Alleyn and Fox accompanied the sergeant in his car while Bailey, Thompson and the Yard driver followed their lead. On the way Sergeant Oliphant gave a business-like report. Sir George Lacklander had rung up Sir James Punston, the Chief Constable, who in turn had rung Oliphant at a quarter to nine. Oliphant and his constable had then gone to Bottom Meadow and had found Dr. Mark Lacklander, Nurse Kettle and the body of Colonel Cartarette. They had taken a brief statement from Nurse Kettle and asked her to remain handy. Dr. Lacklander, who, in Oliphant’s presence, made a very brief examination of the body, had then gone to break the news to the relatives of the deceased, taking Nurse Kettle with him. The sergeant had returned to Chyning and reported to the Chief Constable, who decided to call in the Yard. The constable had remained on guard by the body with Colonel Cartarette’s spaniel, the latter having strenuously resisted all attempts to remove him.

“Did you form any opinion at all, Oliphant?” Alleyn asked. This is the most tactful remark a C.I.D. man can make to a county officer, and Oliphant coruscated under its influence.

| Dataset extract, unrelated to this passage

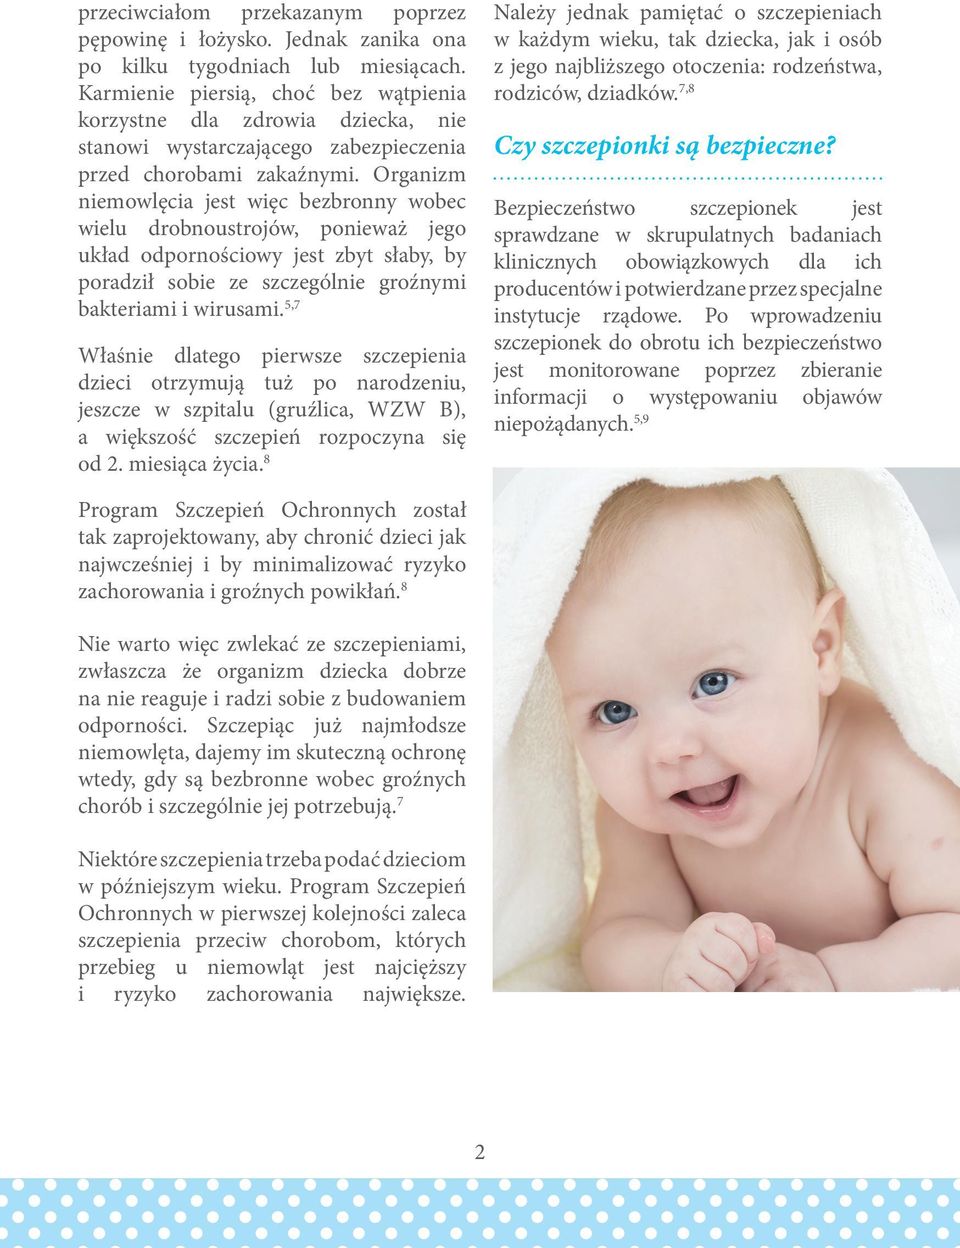 Organizm niemowlęcia jest więc bezbronny wobec wielu drobnoustrojów, ponieważ jego układ odpornościowy jest zbyt słaby, by poradził sobie ze szczególnie groźnymi bakteriami i wirusami.

“Not to say opinion, sir,” he said. “Not to say that. One thing I did make sure of was not to disturb anything. He’s lying on a patch of shingle screened in by a half-circle of willows and cut off on the open side by the stream. He’s lying on his right side, kind of curled up as if he’d been bowled over from a kneeling position, like. His hat was over his face. Nurse Kettle moved it when she found him, and Dr. Lacklander moved it again when he examined the wound which is in the left temple. A dirty great puncture,” the sergeant continued, easing off his official manner a point or two, “with what the doctor calls extensive fractures all round it. Quite turned my chap’s stomach, drunks-in-charge and disorderly behaviour being the full extent of his experience.”

Alleyn and Fox having chuckled in the right place, the sergeant continued. “No sign of the weapon, so far as we could make out, flashing our torches round. I was particular not to go hoofing over the ground.”

“Admirable,” said Alleyn.

“Well,” said Sergeant Oliphant, “it’s what we’re told, sir, isn’t it?”

“Notice anything at all out of the way?” Alleyn asked. The question was inspired more by kindliness than curiosity, and the sergeant’s reaction surprised him. Oliphant brought his two freckled hams of hands down on the driving-wheel and made a complicated snorting noise. “Out of the way!” he shouted. “Ah, my God, I’ll say we did. Out of the way! Tell me, now, sir, are you a fly-fisherman?”

“Only fair to middling to worse. I do when I get the chance. Why?”

“Now listen,” Sergeant Oliphant said, quite abandoning his official position. “There’s a dirty great fish in this Chyne here would turn your guts over for you. Pounds if he’s an ounce, he is. Old in cunning, he is, wary and sullen and that lordly in his lurkings and slinkings he’d break your heart. Sometimes he’ll rise like a monster,” said Sergeant Oliphant, urging his car up Watt’s Hill, “and snap, he’s took it, though that’s only three times. Once being the deceased’s doing a matter of a fortnight ago, which he left his cast in his jaws, he being a mighty fighter. And once the late squire Sir Harold Lacklander, which he lost him through being, as the man himself frankly admitted, overzealous in the playing of him, and NOW,” the sergeant shouted, “NOW, for the last and final cast, hooked, played and landed by the poor Colonel, sir, and lying there by his dead body, or I can’t tell a five-pound trout from a stickleback. Well, if he had to die, he couldn’t have had a more glorious end. The Colonel, I mean, Mr. Alleyn, not the Old ’Un,” said Sergeant Oliphant.

They had followed Watt’s Lane down into the valley and up the slope through blinding rain to the village. Oliphant pulled up at a spot opposite the Boy and Donkey. A figure in a mackintosh and tweed hat stood in the lighted doorway.

“The Chief Constable, sir,” said Oliphant. “Sir James Punston. He said he’d drive over and meet you.”

“I’ll have a word with him, before we go on. Wait a moment.”